“That dark spirit of vengeance,” replied the stranger, “is turning your brain, I think, or you would not say so. Whatever Sir Thomas Gourlay may be, he is not the man to act as the puppet of any person.”
“So you think; but I tell you he's acting as mine, for all that.”
“Well, well, Corbet, that is your own affair. Have you anything of importance to communicate to me, before I see Lady Gourlay? I ask you for the last time.”
“I have. The black villain and she have spoken at last. He yielded to his daughter so far as to call upon her, and asked her to be present at the weddin'.”
“The wedding!” exclaimed the stranger, looking aghast. “God of heaven, old man, do you mean to say that they are about to be married so soon?—about to be married at all? But I will leave you,” he added; “there is no possibility of wringing anything out of you.”
“Wait a little,” continued Corbet. “What I'm goin' to tell you won't do you any harm, at any rate.”
“Be quick, then. Gracious heaven!—married!—Curses seize you, old man, be quick.”

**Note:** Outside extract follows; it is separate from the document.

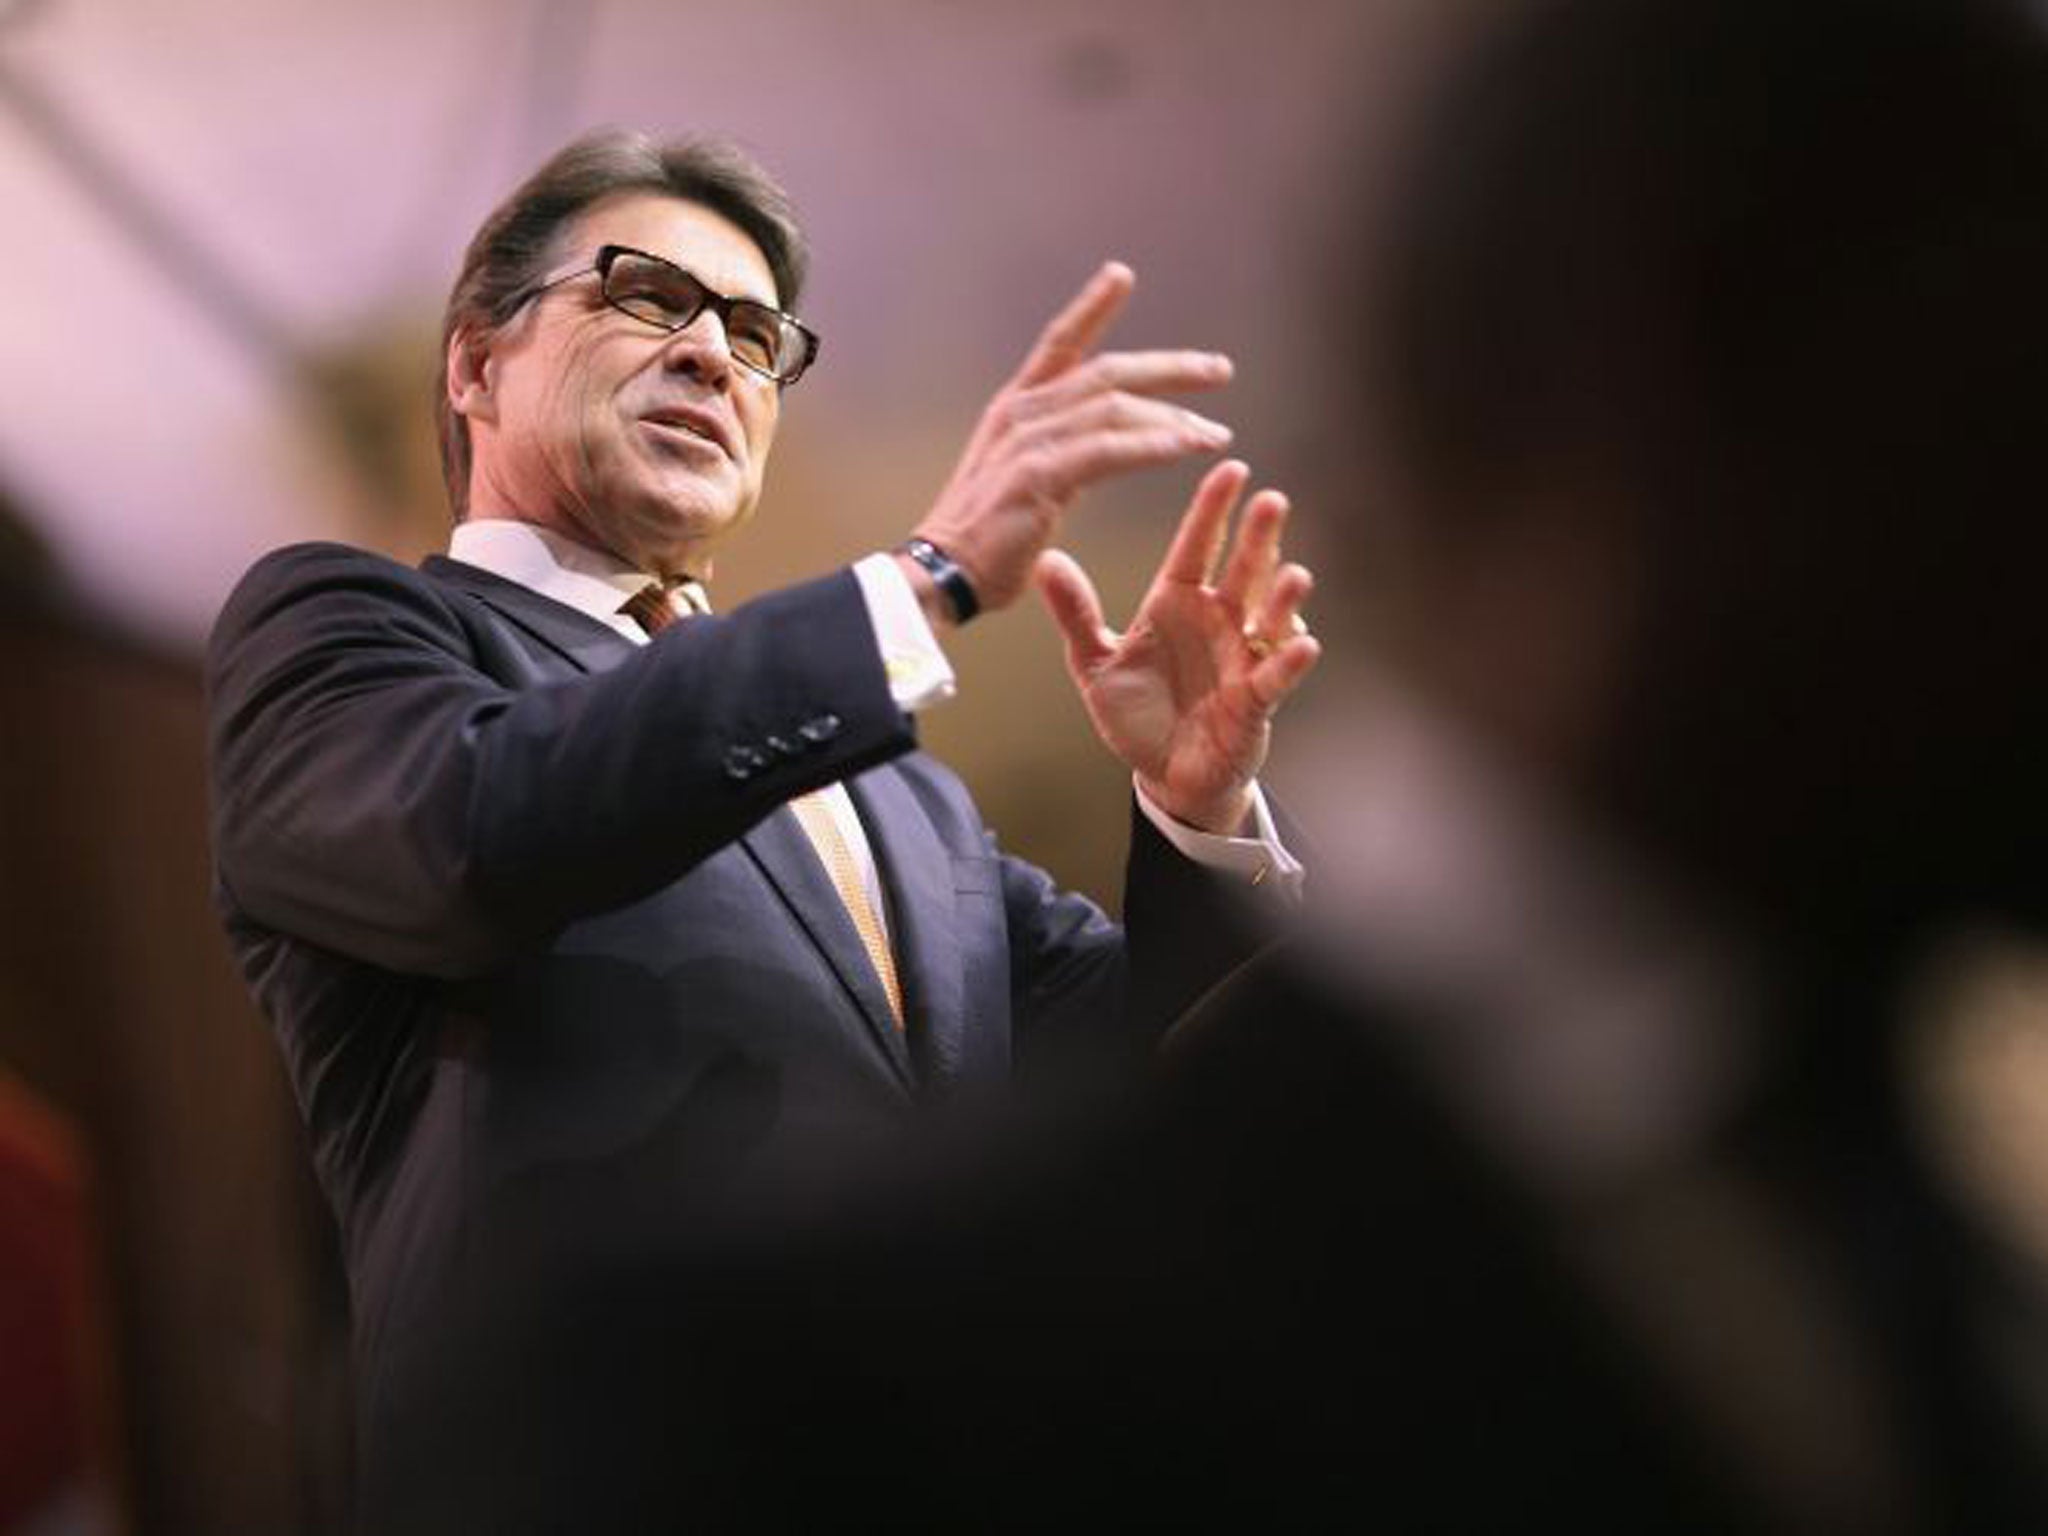 Texas Governor Rick Perry is best remembered for vowing to eliminate three cabinet departments during a candidates' debate, and then not remembering which they were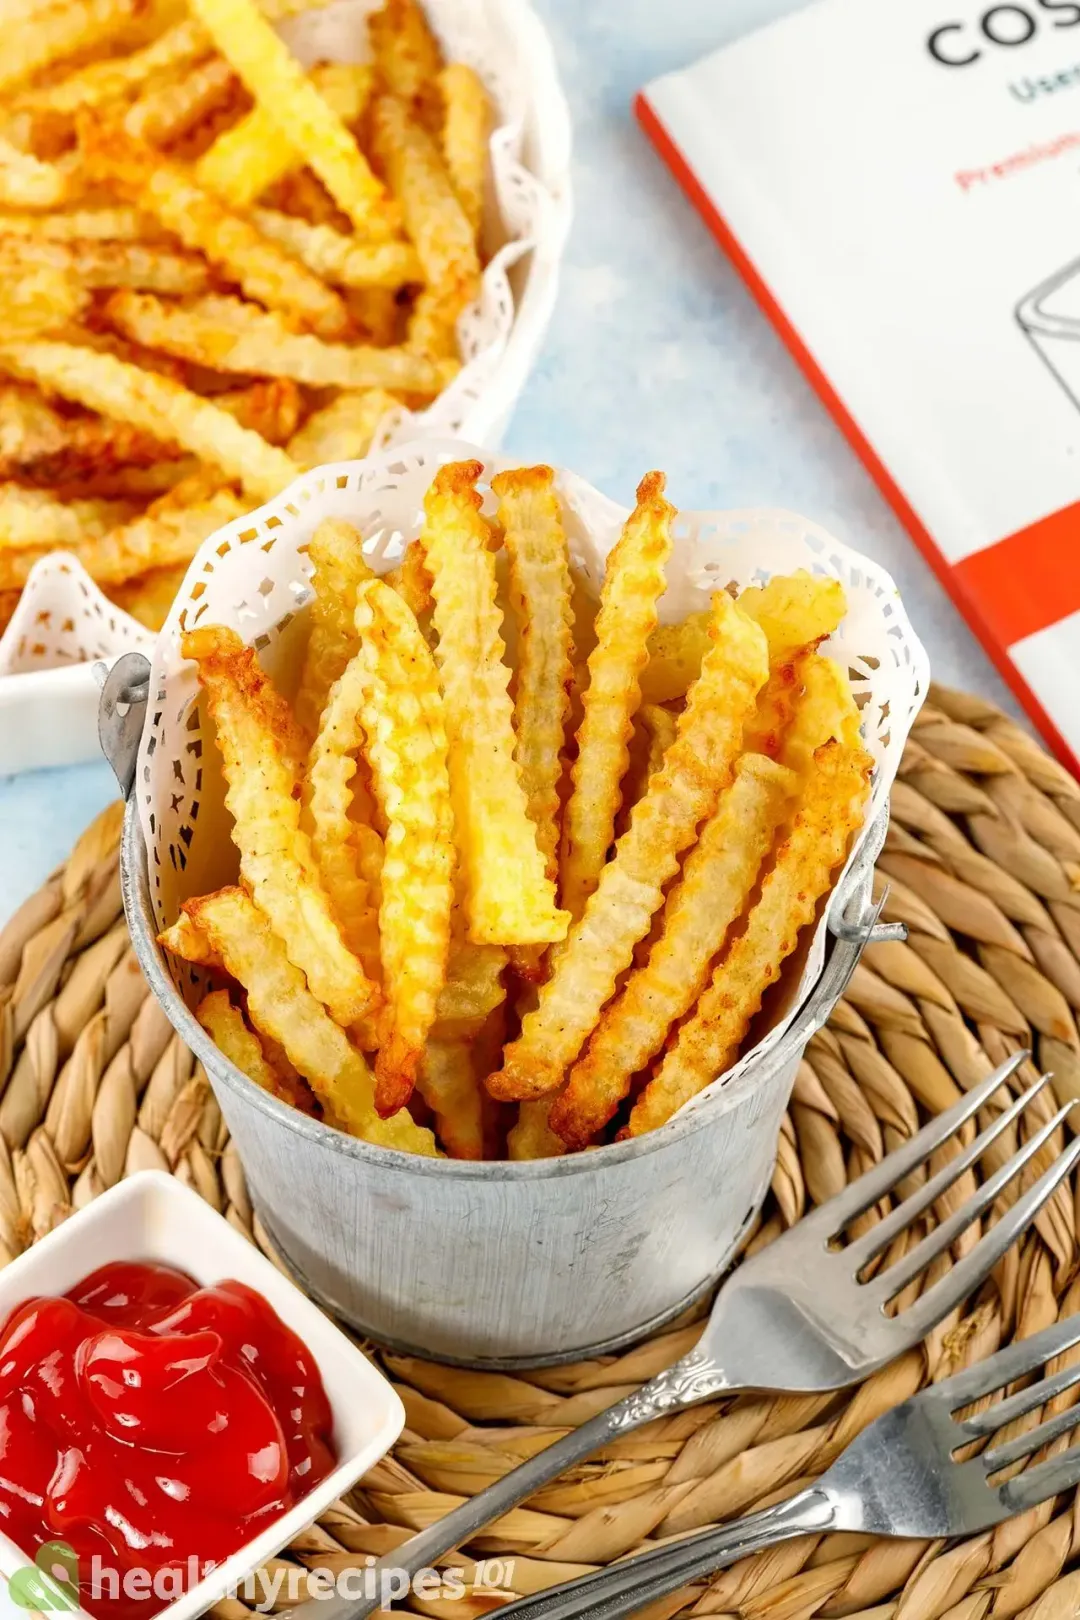 how to make frozen french fries in an air fryer

“On the mornin' afther to-morrow the marriage is to take place in Sir Thomas's own house. Lord Dunroe's sisther is to be bridesmaid, and a young fellow named Roberts—”
“I know—I have met him.”
“Well, and did you ever see any one that he resembled, or that resembled him? I hope in the Almighty,” he added, uttering the ejaculation evidently in connection with some private thought or purpose of his own, “I hope in the Almighty that this sickness will keep off o' me for a couple o' days at any rate. Did you ever see any one that resembled him?”